Extended Data Fig. 3 Oncogenic NOTCH1 signaling upregulates valine tRNA biogenesis.

a, GRO-Seq cluster analysis was performed by applying dimensional reduction with a manifold approximation and projection (UMAP) followed by k-means clustering with k=8. Clusters 2 (n = 2105 genes) and 3 (n = 2177 genes) are highlighted in orange and red respectively. b, Heatmap representation of mRNA expression changes measured by GRO-Seq within k-means clusters 2 and 3. The clusters define γSI responding genes with fast re-establishment of expression post inhibitor wash-off (see Extended Data Fig. 3a for median expression levels of all k-means clusters). Heatmap shows log2 FC of FPKM of individual GRO-Seq replicates against average DMSO signal of the respective genes. c, Snapshots of H3K4me3 ChIP-Seq on tRNA-Val-TAC 1-1 promoter and d, IL7R promoter as fold-enrichment over input.
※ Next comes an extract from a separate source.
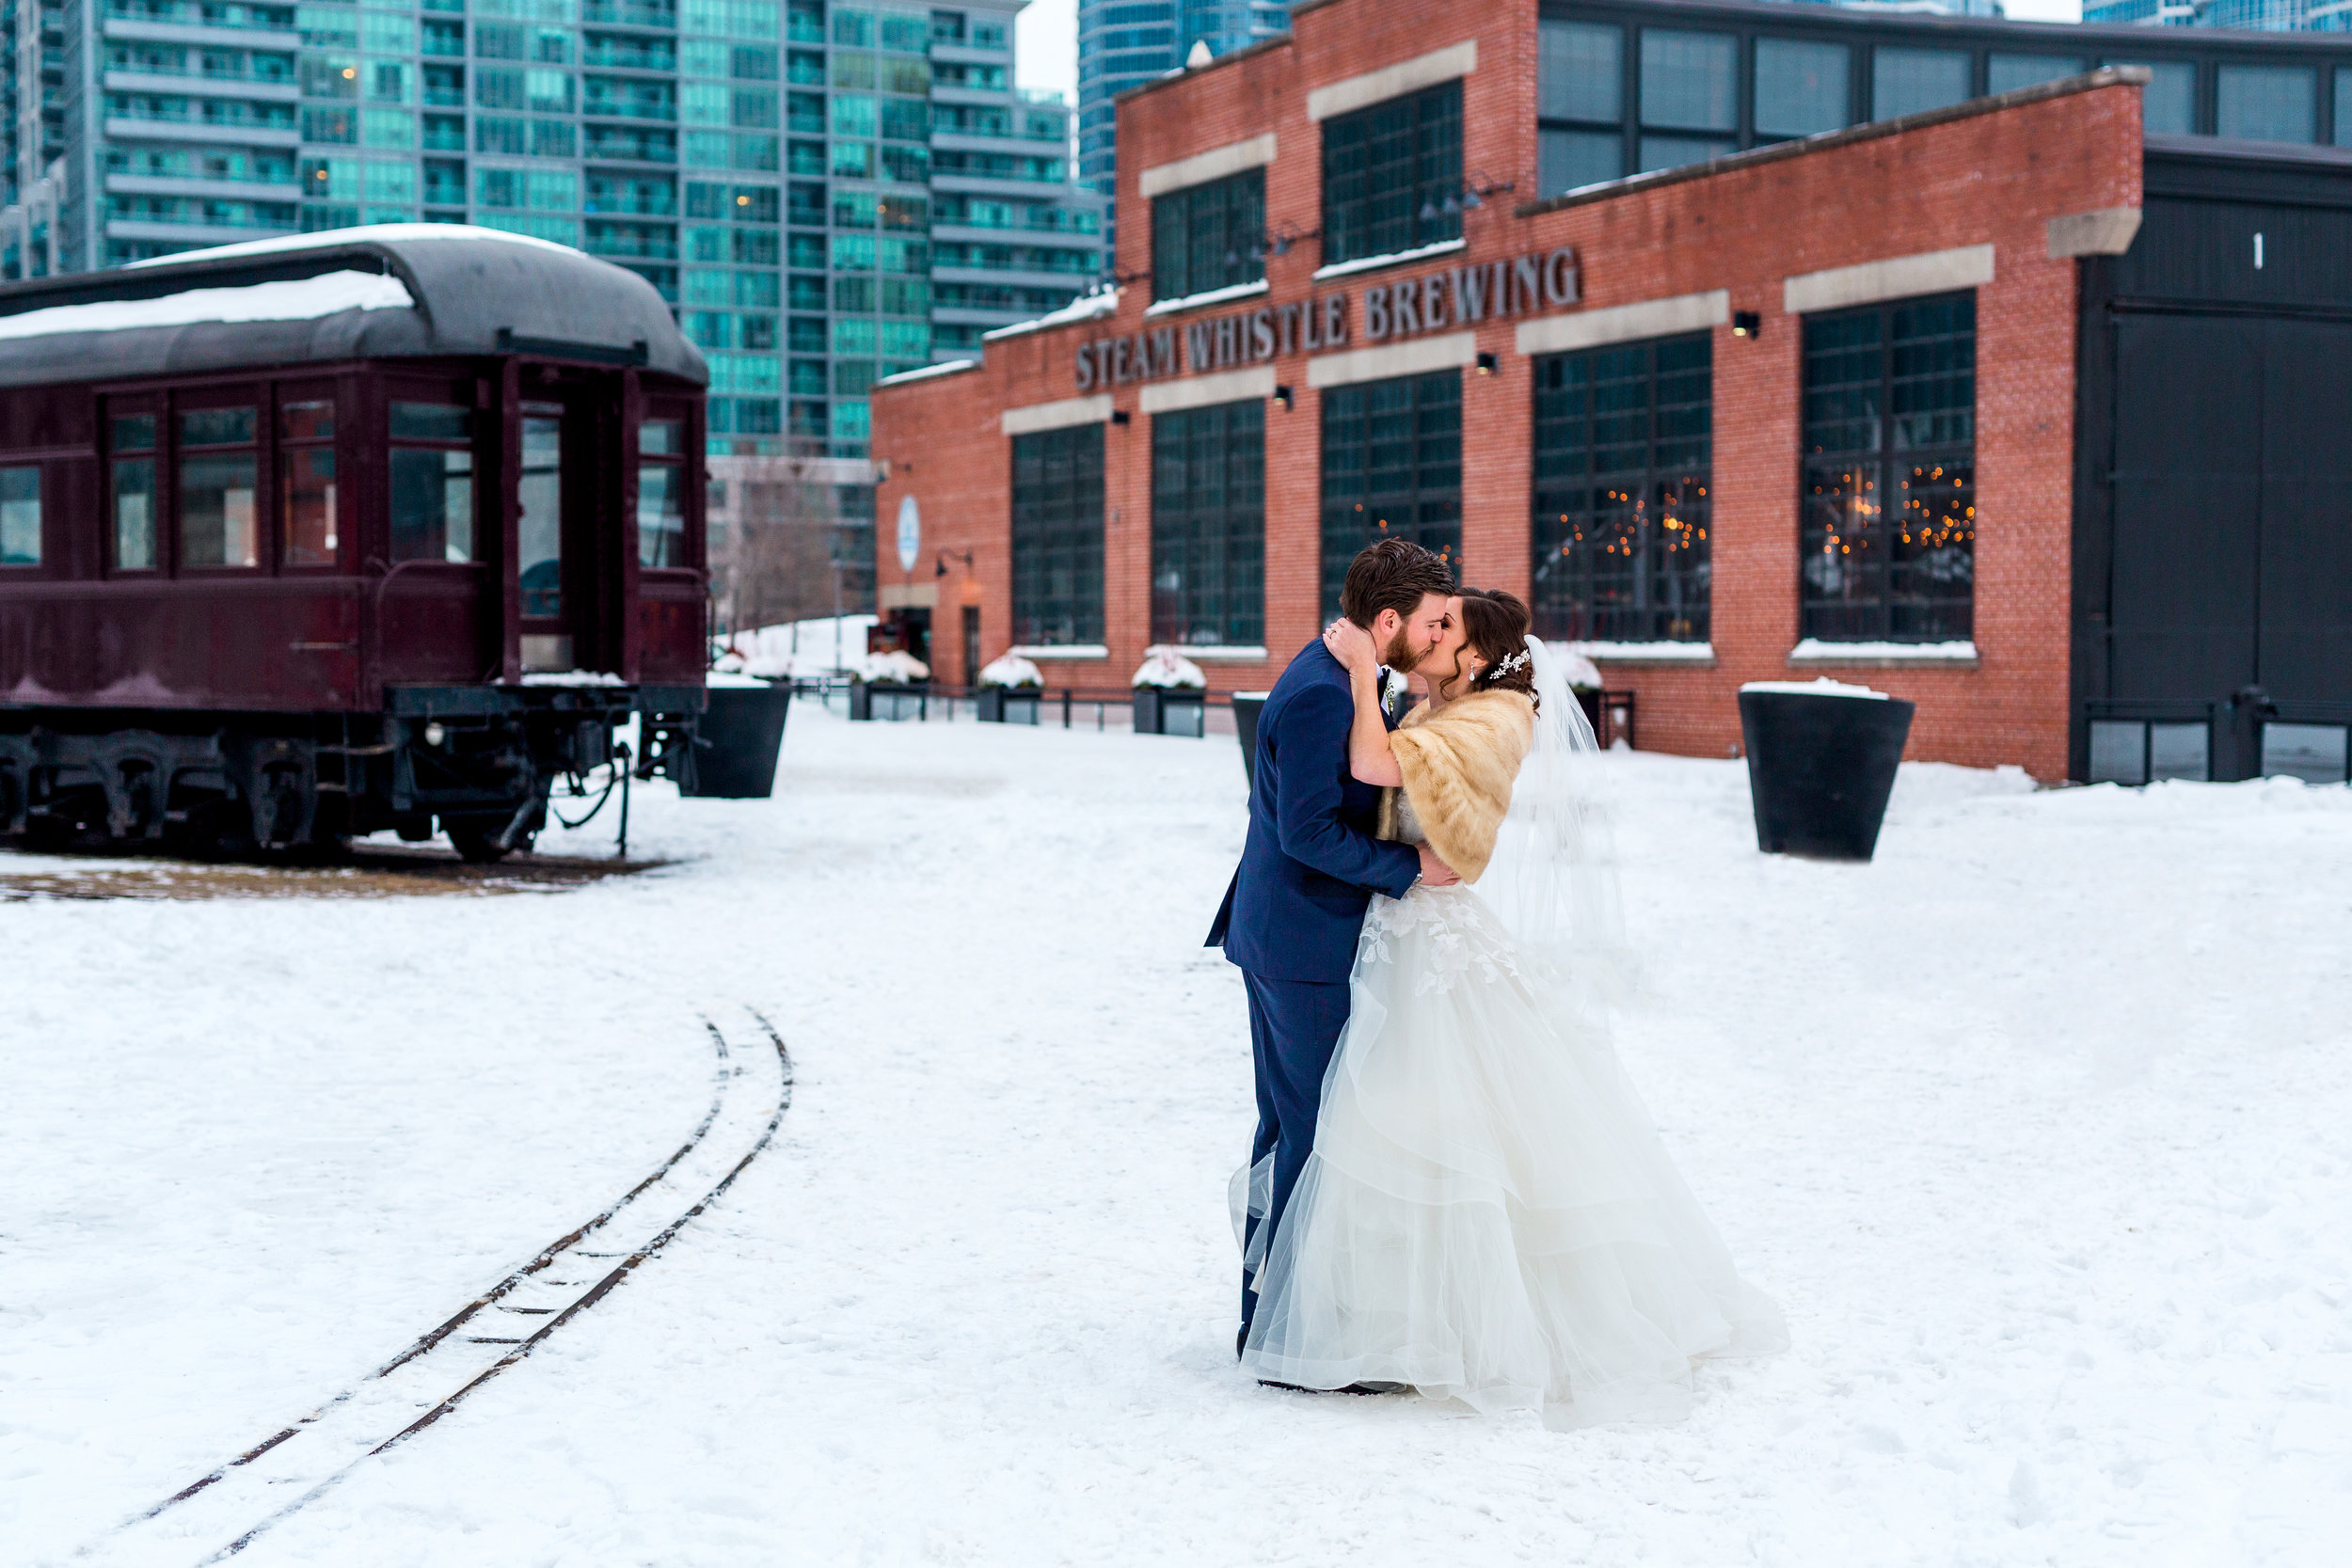 Amir_Danielle_Whitfield_Wedding_Steam_Whistle_Toronto_344.jpg

Below GRO-Seq in CUTLL1 cells upon DMSO, γSI treatment and release after drug washout as counts-per-million (cpm). e, Volcano plot showing differential expression of tRNA pathway genes (153 genes) in CUTLL1 (left) and KOPTK1 (right) upon treatment with DMSO or γSI for 72h. (n=2; FDR < 0.05 and log2FC > 0.58 or < -0.58), cytoplasmic aminoacyl tRNA synthetases are highlighted in green. Statistical evaluation was performed using two-sided edgeR analysis (function glmQLFTest) followed by multiple testing correction (FDR). f, Relative expression of VARS mRNA by qPCR analysis in human T-ALL cell line TAL1 following treatment with γSI for 72h. (mean ± SD of n=3 independent replicates, two-sided unpaired t-test). g, Volcano plot of differential expression of tRNA genes in CUTLL1 upon treatment with DMSO or γSI for 4 days. Valine tRNA genes are highlighted in green (n=2; FDR < 0.1 and log2FC > 0.58 or < -0.58). Statistical evaluation was performed using two-sided edgeR analysis (function glmQLFTest) followed by multiple testing correction (FDR). h, Val-tRNA and control Leu-tRNA aminoacylation analysis of CUTLL1 cells treated with either DMSO or γSI (mean ± SD of n=3 independent replicates, two-sided unpaired t-test).

Source data

Extended Data Fig. 4 Dietary valine deprivation/restriction reduce leukemic burden and increases survival in mice.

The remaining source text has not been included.